Возможно, я тоже стал бы "предателем". Даже не сдавшись, даже не заговорив. Они повторяли со все нараставшим раздражением:
- Нам ничего не стоит это устроить.
И когда поняли, что им не удастся сломить мое сопротивление, что я буду бороться до конца, они приказали мне, уже без раздражения и без тупой злобы, а лишь с привычным равнодушием:
- Снимите рубашку.
Человек, которого заставляют раздеться в присутствии других, чувствует себя униженным. Это чувство сильнее стыда. Только тот, кто испытал его, может меня понять. Они умеют унизить человека, внушить ему презрение к себе. "Снимите рубашку". Я снял. Противиться было бессмысленно. "Снимите брюки". Я снял. "Снимите ботинки". Потом носки. А потом все остальное, что могло прикрыть выставленную на осмеяние наготу. Достоинство заключенного оскорблялось тем безжалостнее, чем упорней он старался его сохранить. И вот один из них быстро и ловко стаскивает с тебя последнюю одежду, не давая времени раздеться самому, после того как ты уже понял, что это неизбежно. Я стоял перед ними голый. Лишенный всякой возможности защищаться. И знаешь, Алберто, о ком я подумал в тот момент? Об Анжело Сене. Ты о нем слышал. Если наше сонное царство пробуждается иногда от своей летаргии, это заслуга Анжело Сены. Анжело, такой худощавый и нервный, он словно пламя, которое себя поддерживает и раздувает. Мечтает ли он, борется ли, думает ли, он отдается этому душой и телом - всем своим существом, безраздельно. И вот однажды, когда фашистская полиция избила Сену и об этом инциденте толковали в кружке литераторов и художников в промежутках между порциями виски, взаимными упреками и ядовитыми сентенциями, без каких не обходится ни один уважающий себя интеллектуал ("Не знаю, известно ли вам, что сегодня утром ультра напали на Анжело, когда он возвращался с собрания демократов. Избили его до полусмерти. Поначалу он петушился, хотел, как истинный рыцарь, защитить от оскорблений дам, которых сопровождал, а полицейские, понятное дело, вышли из терпения и превысили обычную дозу. Анжело лежит в больнице, пятый этаж, двенадцатая комната, на голове у него огромные шишки, несколько ребер переломано".), некая поэтесса, опершись своим атласным локотком о спинку софы, на которой восседал литературный критик, проворковала: "Наконец-то и к Сене пришла известность. Теперь он несколько лет будет ходить с наклейками из пластыря". И это было все, что у них нашлось сказать, Алберто, о дикой выходке полицейских. Поэтесса выразила общее мнение. Тем не менее каждый из них, наверное, смог бы повторить мужественный поступок Сены. Или желал бы его повторить.

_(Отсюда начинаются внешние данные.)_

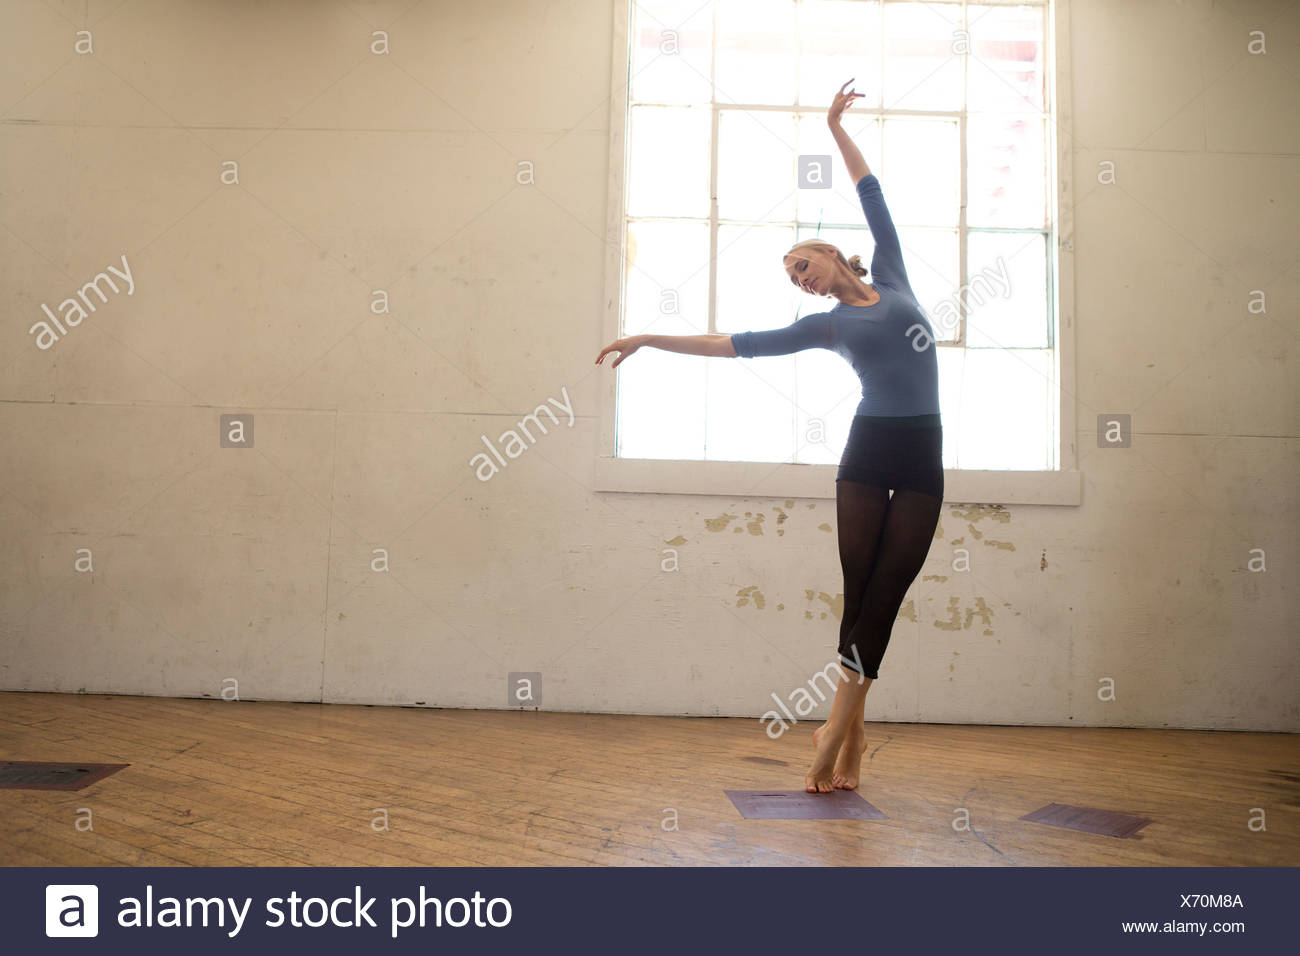 Weibliche Ballett-Tänzerin im studio Stockbild

Когда полицейским агентам удавалось у нас что-нибудь выпытать - обычно незначительный пустяк, не грозящий никакими последствиями, но достаточный, чтобы угнетала мысль о собственной слабости, - они специально помещали нас в общую камеру. Угрызения совести, и без того мучившие нас, становились непереносимыми в присутствии товарищей. Ты не выстоял. Ты предал. Неудержимо тянуло вновь и вновь каяться в трусости, преувеличивая свою вину, чтобы вызвать у них презрение. Чтобы еще страшнее стали твои муки. Ты жаждал лишь справедливого возмездия и смерти. В каждом товарище видел строгого обвинителя.
Всегда одно и то же. Грубый полицейский чередовался со снисходительным, который являлся в камеру будто для того, чтобы обличать людскую жестокость.
- Мне больно видеть, как вы удручены, как тоскуете о семье. Ведь вы хороший человек. Возможно, вся ваша вина сводится к мелким прегрешениям, на которые нас подчас толкают другие, это нетрудно будет выяснить в откровенной беседе. Я для того сюда и пришел, можете мне поверить. У меня есть брат, поразительно похожий на вас и примерно вашего возраста. Мне даже начинает казаться, что это он, а не вы… Словом, если вам приходится здесь трудно, то и мне ваша судьба не безразлична. Давайте лучше вспомним, с чего все началось…
И я отвечал:
- Началось с заключения в каземате Ангры, прозванной Крепостью Героизма. Однажды меня продержали в одиночке тринадцать дней, хотя уверяют, будто там не выносят и трех часов.